**What to produce:**
When writing out the entries below, keep only the lines from the line with "THE OBSERVER'S BOOK" to the line with "A1 Fashion Goods Womens Leather Biker Jacket", both included, exactly as they are, and leave the pictures aside.

**Provided data:**
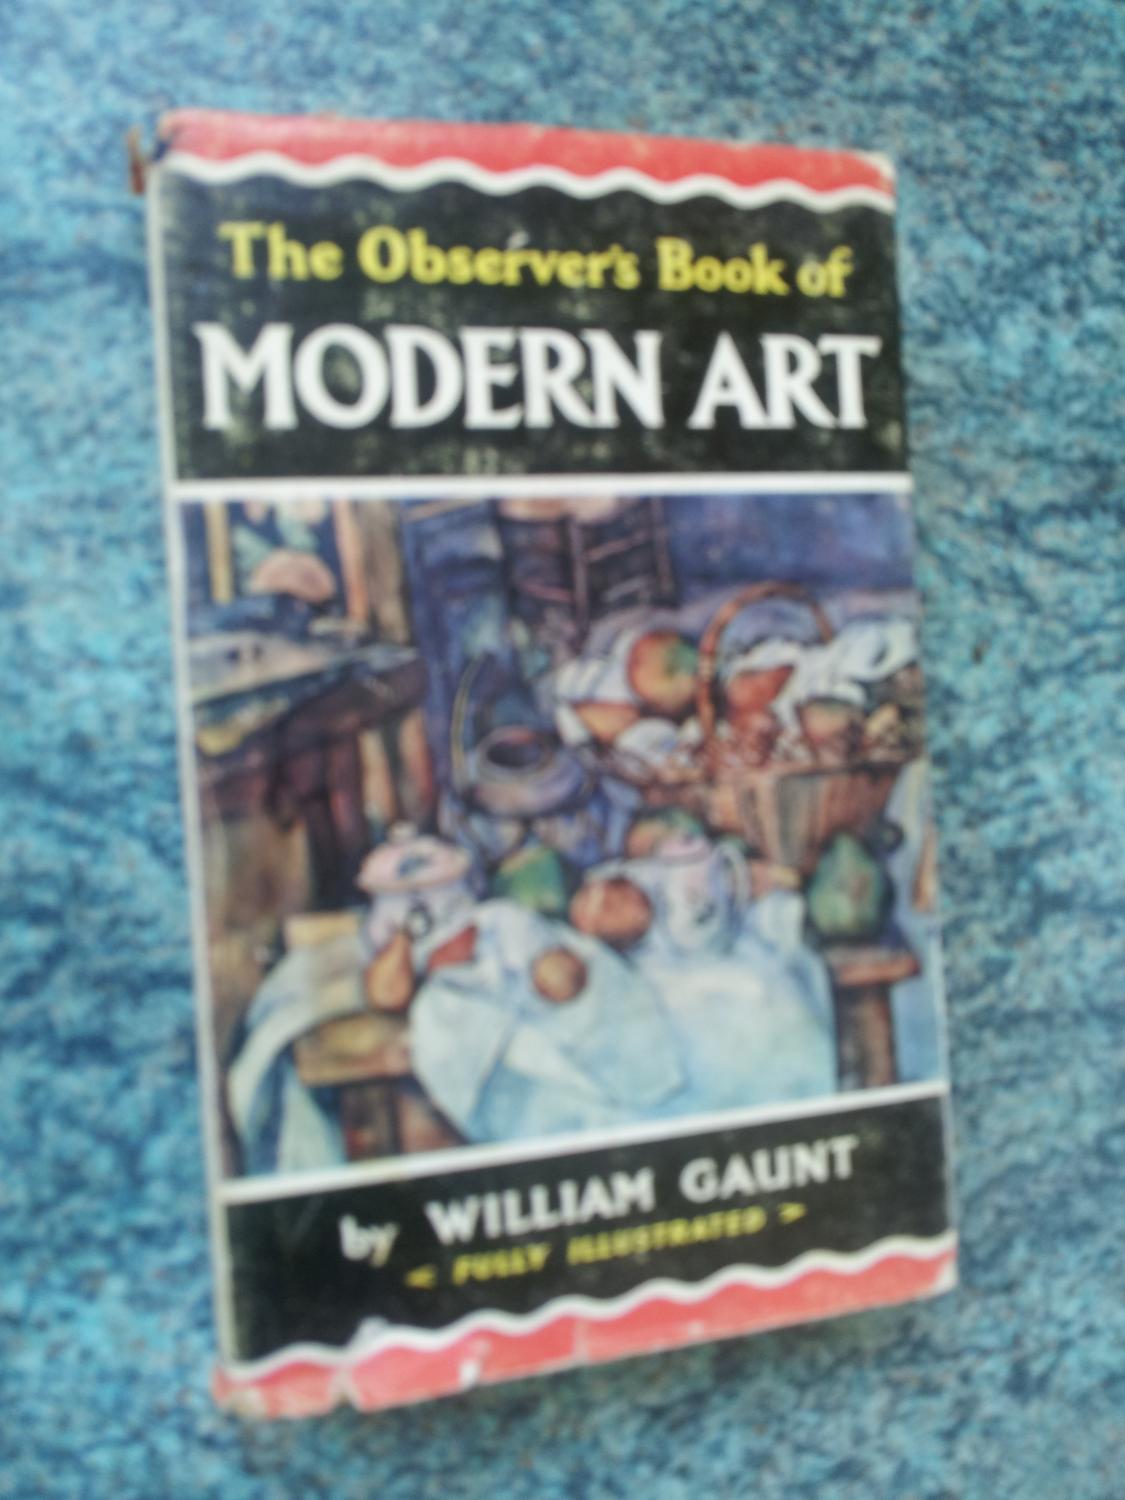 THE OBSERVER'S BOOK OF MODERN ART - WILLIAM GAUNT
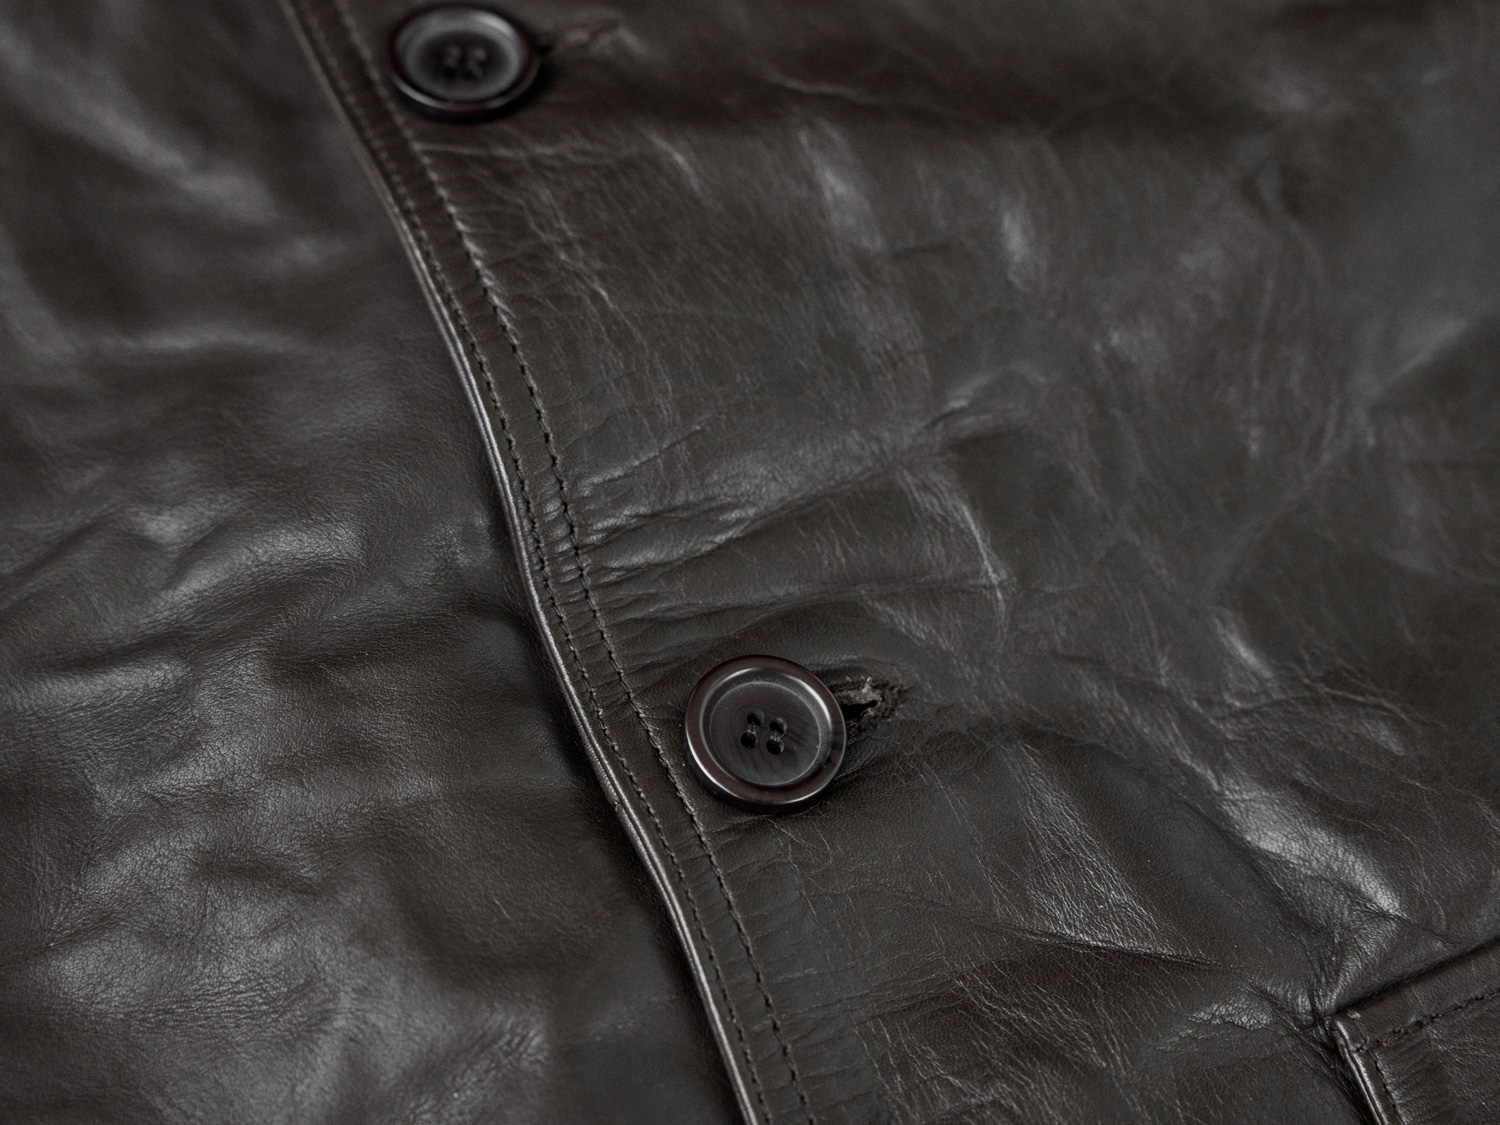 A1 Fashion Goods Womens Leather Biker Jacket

* * *

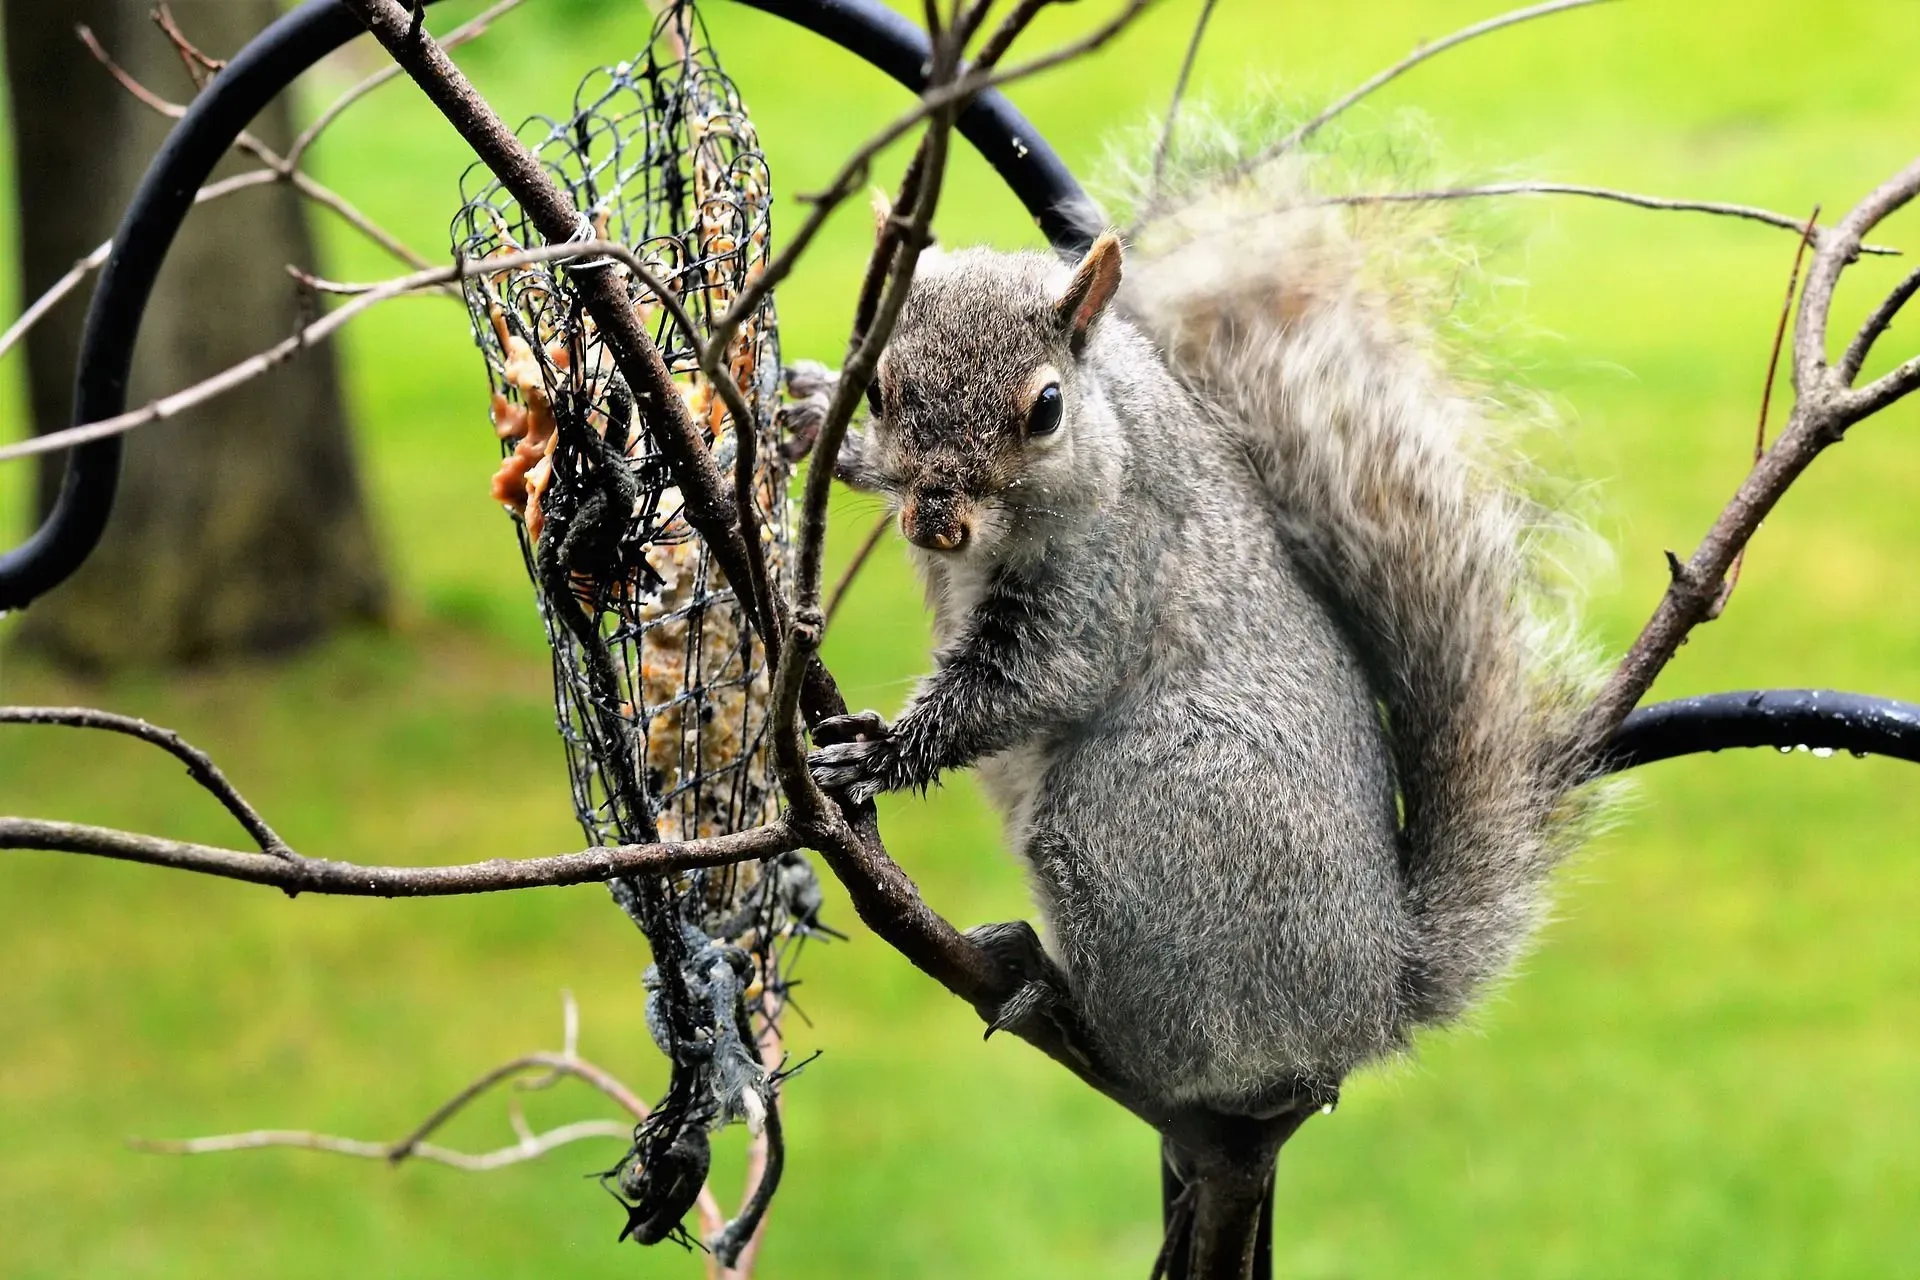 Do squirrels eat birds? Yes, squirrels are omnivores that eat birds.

**Exercise output:**
 THE OBSERVER'S BOOK OF MODERN ART - WILLIAM GAUNT
 A1 Fashion Goods Womens Leather Biker Jacket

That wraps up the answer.